Parquet is designed to make the advantages of compressed, efficient colunmar data representation available to any project in the Hadoop ecosystem.

Physical Properties

Some table storage formats provide parameters for enabling or disabling features and adjusting physical parameters.
Now, parquet file provides the following physical properties.
- parquet.block.size: The block size is the size of a row group being buffered in memory. This limits the memory usage when writing. Larger values will improve the I/O when reading but consume more memory when writing. Default size is 134217728 bytes (= 128 * 1024 * 1024).
- parquet.page.size: The page size if for compression. When reading, each page is the smallest unit that must be read fully to access a single record. If the value is too small, the compression will deteriorate. Default size is 1048576 bytes (= 1 * 1024 * 1024).
- parquet.compression: The compression algorithm used to compress pages. It should be one of uncompressed, snappy, gzip, lzo. Default is uncompressed.
- parquet.enable.dictionary: The boolean value is to enable/disable dictionary encoding. It should be one of either true or false. Default is true.

Parquet Row Group Size

Row Group

Even though Parquet is a column-orientied format, the largest sections of data are groups of row data rows.
Records are organized into row groups so that the file is splittable and each split contains complete records.
Here’s a simple picture of how data is stored for a simple schema with columns A, in green, and B, in blue:
Why row groups? --> If the entire file were organized by columns then the underlying HDFS blocks would contain just a column or two of each record.
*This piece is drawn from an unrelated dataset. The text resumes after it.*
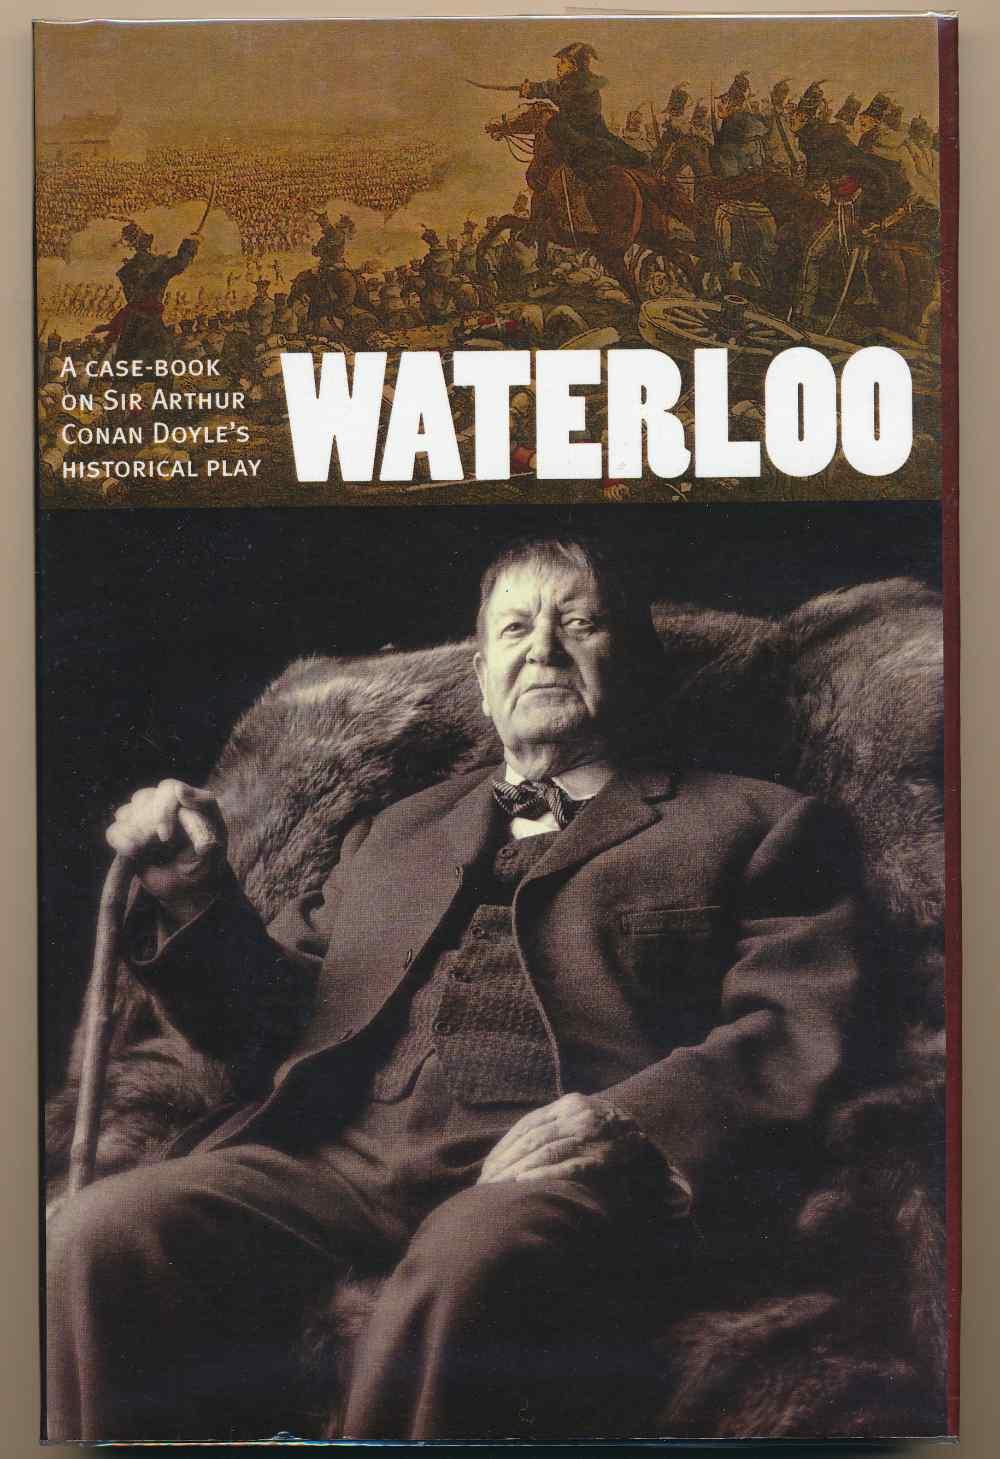 Waterloo : a case-book on Sir Arthur Conan Doyle's historical play

Reassembling those records to process them would require shuffling almost all of the data around to the right place. As below:
There is another benefit to organizing data into row groups: memory consumption. Before Parquet can write the first data value in column B, it needs to write the last value of column A. All column-oriented formas need to buffer record data in memory until those records are written all at once.
You can control row group size by setting parquet.block.size, in bytes(default: 128MB). Parquet buffers data in its final encoded and compressed form, which uses less memory and means that the amount of buffered data is the same sa the row group size on disk.
That makes the row group size the most important setting. It controls both:
- The amount of memory consumed for each open Parquet file, and
- The layout of column data on disk.

　　The row group setting is a trade-off between these two. It is generally better to organize data into larger contiguous column chunks to get better I/O performance, but this comes at the cost of using more memory.

Column Chunks

That leads to next level down in the Parquet file: column chunks.
Row groups are divided into column chunkds. The benefits of Parquet come from this organization
Stroing data by column lets Parquet use type-specific encodings and then compression to get more values in fewer bytes when writing, and skip data for columns u don's need when reading.
pics here
The total row group size is divided between the column chuhnks. Column chunk sizes also vary widely depending on how densely Parquet can store the values, so the portion used for each column is ususlly skewed.

Recommendations

There’s no magic answer for setting the row group size, but this does all lead to a few best practices:

Know ur memory limits

Total memory for writes is approximately the row group size times the number of open files. If this is too high, then processes die with OutOfMemoryExceptions.
On the read side, memory consumption can be less by ingoring some columns, but this will usually still require half, a third, or some other constant times ur row group size.

Test with ur data

Write a file or two using the defaults and use parquet-tools to see the size distributions for columns in ur data. Then, try to pick a value that puts the majority of those columns at a few megabytes in each row group.

Align with Hdfs Blocks

Make sure some whole number of row groups make apprioxmately one Hdfs block. Each row group must be processed by a single task, so row groups larger than the HDFS block size will read a lot of data remotely. Row groups that spill over into adjacent blocks will have the same problem.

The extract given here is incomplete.